Tylko Xiaomi jest w stanie zrobić coś takiego. Producent wprowadzi na rynek model, bardzo podobny do tego, który jeszcze nie miał jeszcze oficjalnej premiery, ale ma być bliźniaczo podobny do smartfona, który został zaprezentowany w Indiach w ubiegłym tygodniu. Czego nie rozumiecie?
Seria Redmi 10 jest wyjątkowo liczna. Xiaomi mnoży smartfony w nieskończoność
Historia tej serii smartfonów jest długa i pełna zwrotów akcji. Redmi 10 zadebiutował w sierpniu 2021 roku i wkrótce dołączył do niego Redmi 10 Prime. W lutym na rynku pojawił się Redmi 10 2022, który od edycji z 2021 roku różni się tylko brakiem konfiguracji z 6 GB RAM i 128 GB pamięci wbudowanej oraz hybrydowym dual SIM (vs niehybrydowy w pierwowzorze). To jednak tak naprawdę dopiero początek prawdziwego galimatiasu.

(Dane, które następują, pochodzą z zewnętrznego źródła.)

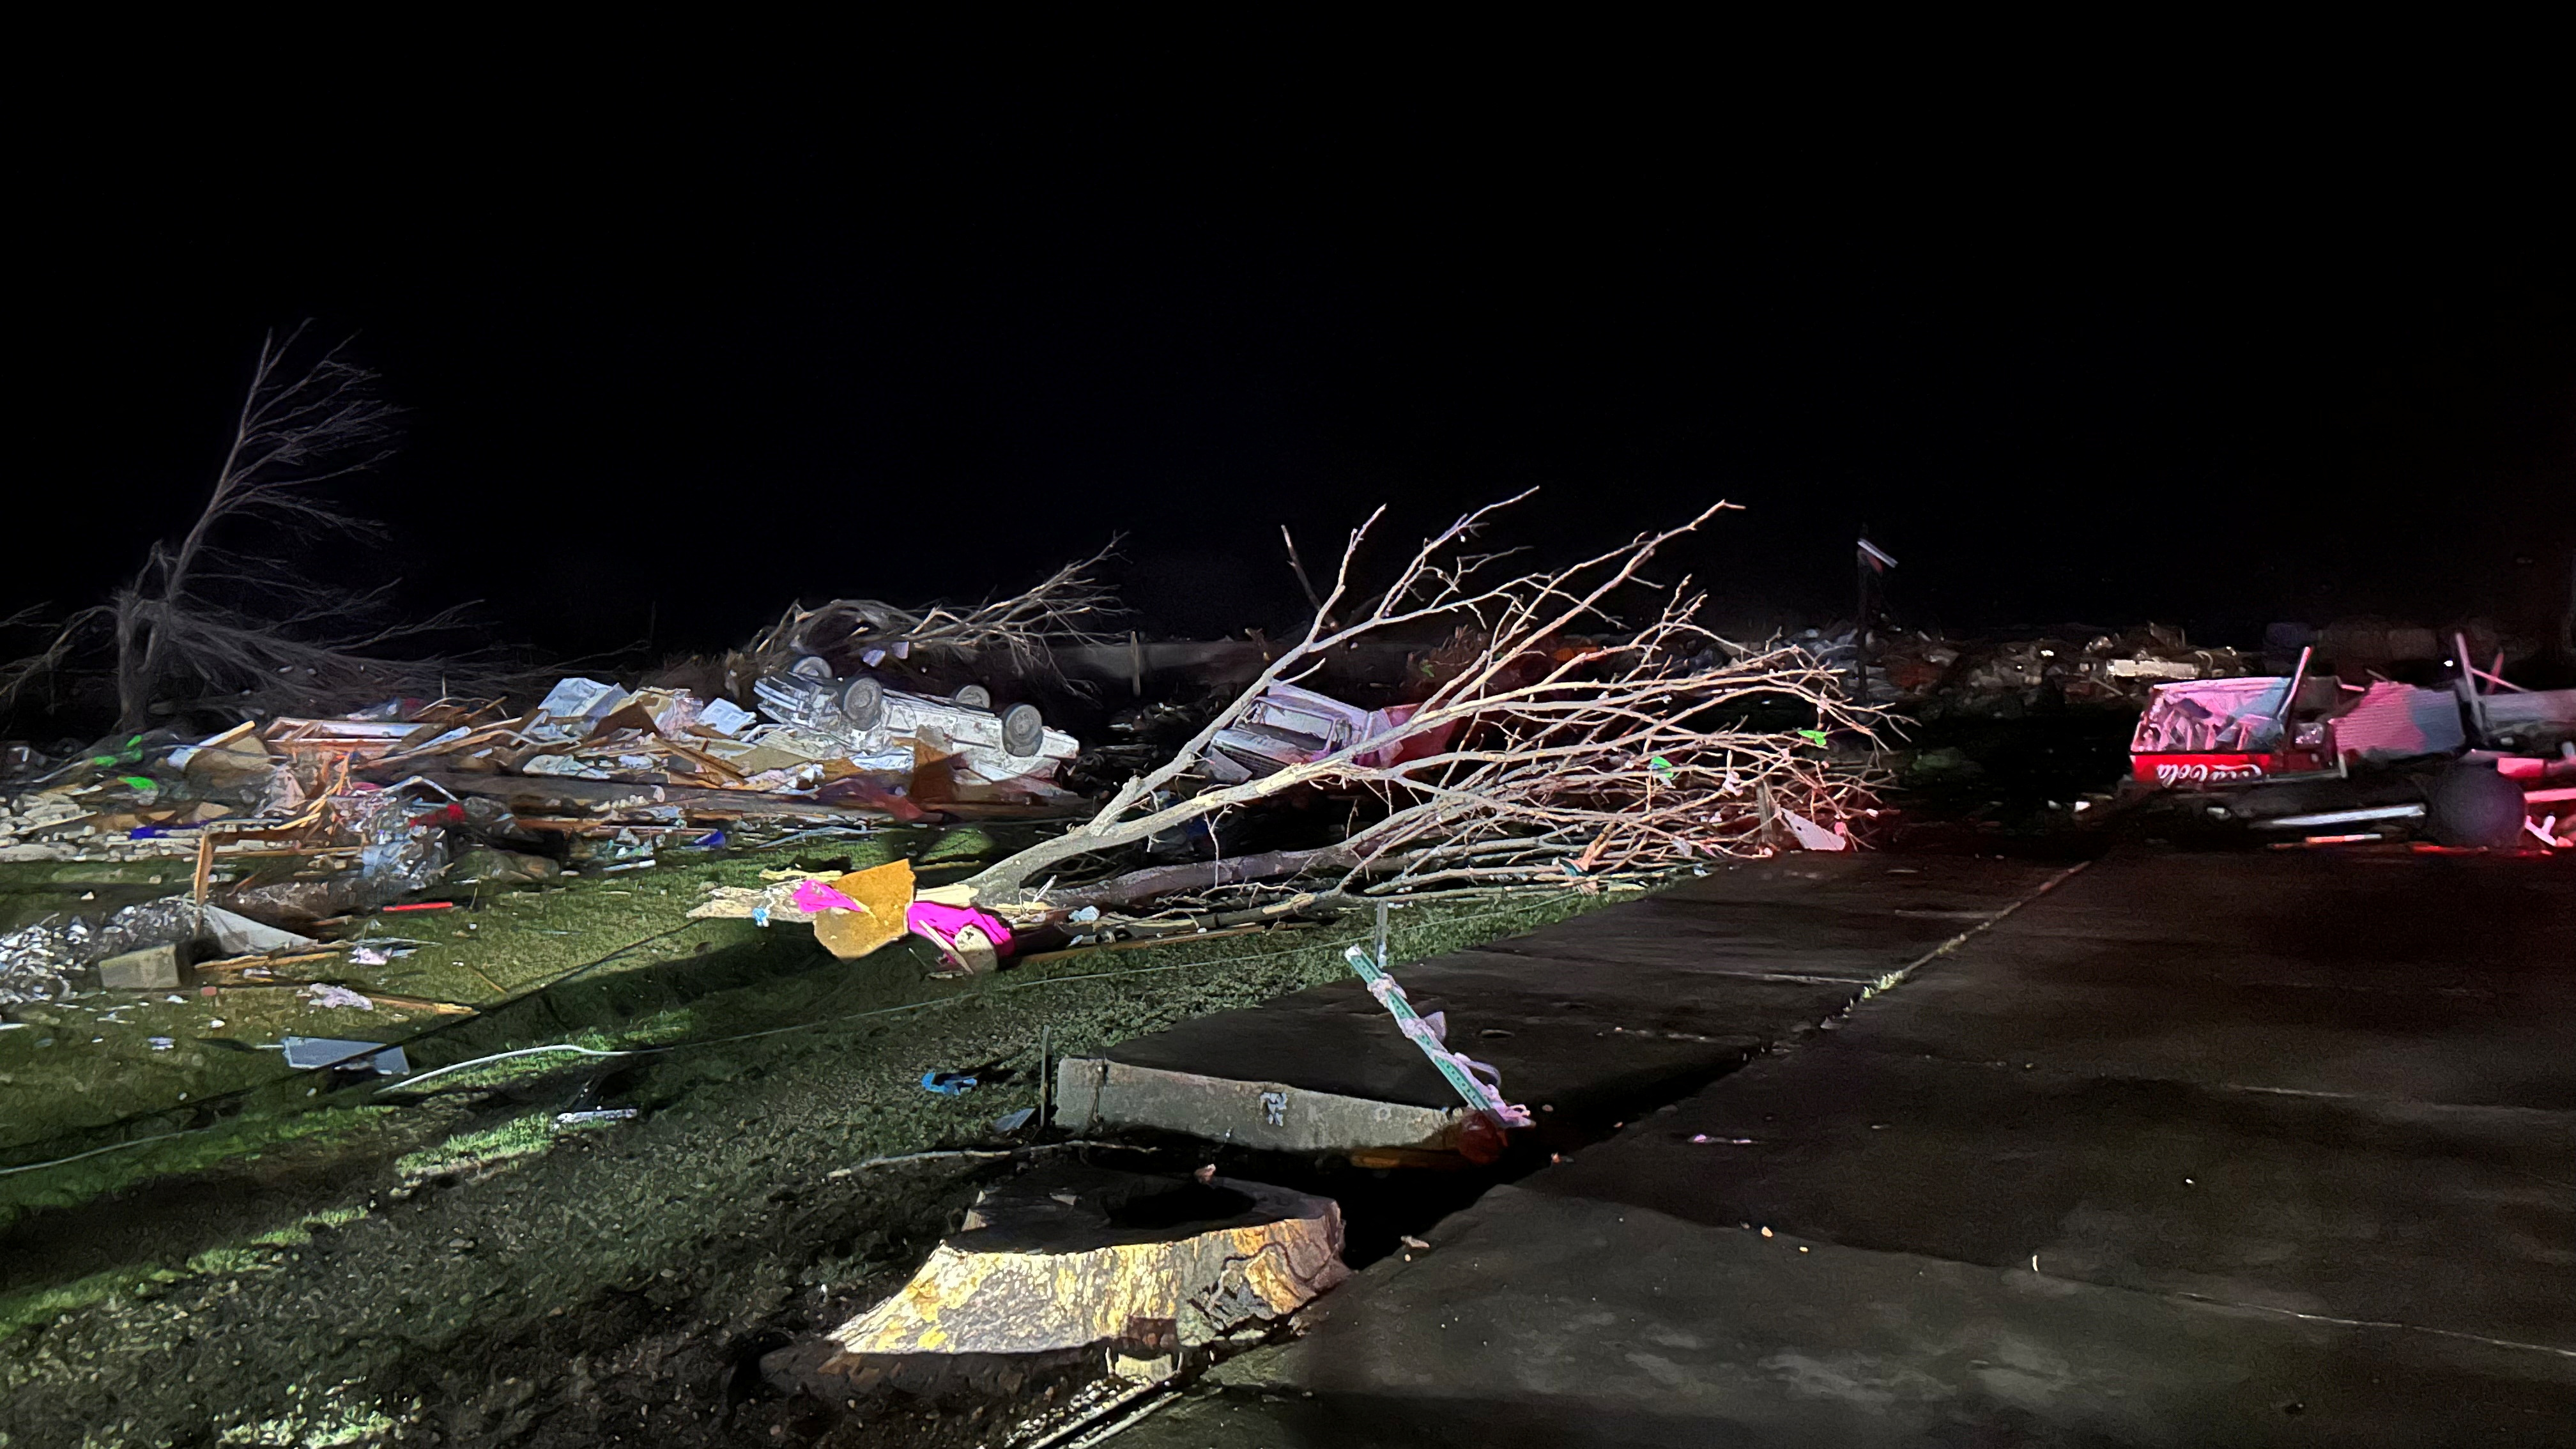 Photos and videos: The terrible images of the tornado in Mississippi

17 marca 2022 roku w Indiach zadebiutował Redmi 10. Według nieoficjalnych doniesień, smartfon trafi do Europy jako Redmi 10C, gdzie ma kosztować od 150 do 200 euro (obecnie to równowartość ~705-940 złotych). Okazuje się jednak, że Xiaomi planuje sprzedawać w Indiach ten sam lub bardzo podobny model pod nazwą Redmi 10 Power.
Dopisek „Power” wskazuje, że smartfon będzie miał akumulator o dużej pojemności. Szkopuł w tym, że – nazwijmy go – pierwowzór ma baterię 6000 mAh, a więc bardzo „dużą”. Być może Xiaomi zastosuje jeszcze „większą”, żeby model naprawdę „miał moc”, ale to na razie wróżenie z fusów.
Jeżeli myślicie, że na tym rozwój serii się zakończy, to muszę wyprowadzić Was z błędu. Na horyzoncie jest bowiem również jeszcze Redmi 10 5G – to kolei ma być przebrandowany Redmi Note 11E, który został wprowadzony do sprzedaży w Chinach na początku marca 2022 roku.
Na tę chwilę zapowiada się na to, że linia będzie składała się z siedmiu smartfonów, które w większości są bardzo podobne do siebie. Czy na tym Xiaomi zakończy? Trudno powiedzieć, ale nie będziemy zaskoczeni, jeśli okaże się, że rodzina się jeszcze powiększy – wystarczy spojrzeć na serię Redmi Note 11, w skład której wchodzi mnóstwo modeli.